Что же было в пути? Проезжали мы Орехово-Зуево (значит, очень близко от Москвы). Кстати, везла я из Ленинграда только две книжки: поваренную книжку «Кухарка за повара» (такая маленькая, единственная в мамином хозяйстве) и атлас СССР — Яшин (есть у меня и теперь).
Проезжали Ярославль. Тут я рано утром, только прибыли, помчалась в город искать Володю, который, я знала (откуда знала?), лежал в госпитале, снятый с поезда.
Ещё только начали ходить трамваи, я поехала в центр. Но какой-то добрый человек, узнав, что я «с эшелона», сказал: «Как? Вы из эшелона? У вас там дети? Немедленно возвращайтесь в вагон! Никого не ищите!

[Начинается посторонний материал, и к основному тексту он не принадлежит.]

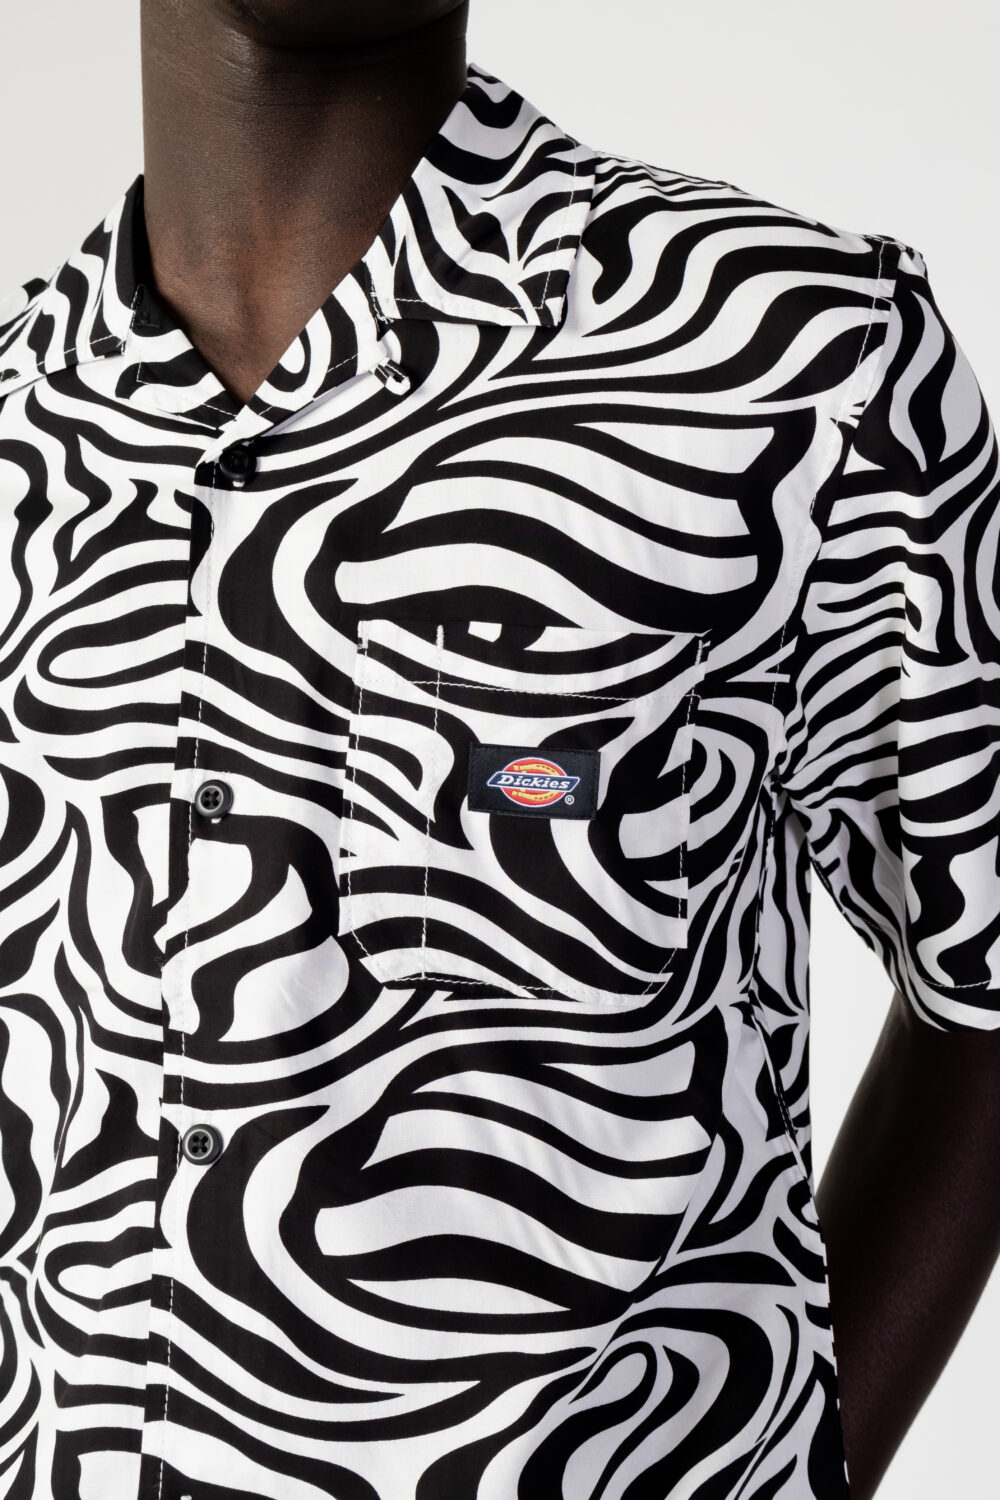 Camicia manica corta Dickies leesburg zebra Black-White - Foto 3

Вы не знаете, сколько народу каждый день отстаёт от своего поезда!» И я вернулась.
Не помню, как встретила меня в этот день Ляля, но часто, встречая меня у вагона, она стояла вся в слезах от страха, что я не приду, опоздаю (на Ляле было серое зимнее пальто и серая кроличья остроконечная шапочка с ушами. Вся — серенькая, как и её глаза).
На станциях вдоль всего пути у окошечек касс были наклеены бесконечные записки-объявления: «Лёню, Машу и Колю Козловых разыскивает их мать М. К. Козлова», «Оля и Николай Фёдоровы ищут свою мать Фёдорову…» и т. д. Так что моя поездка в Ярославль была действительно неразумна. Поезда не придерживались никакого расписания.
Где-то по дороге, на станции, у вагона, стояла женщина с куском хлеба (граммов 400) и предлагала хлеб тому, кто похоронит её мужа. Мы постояли с Лялей, глядя на хлеб, и помечтали заработать его так, но не решились. Как копать? Чем? Где? Успеем ли?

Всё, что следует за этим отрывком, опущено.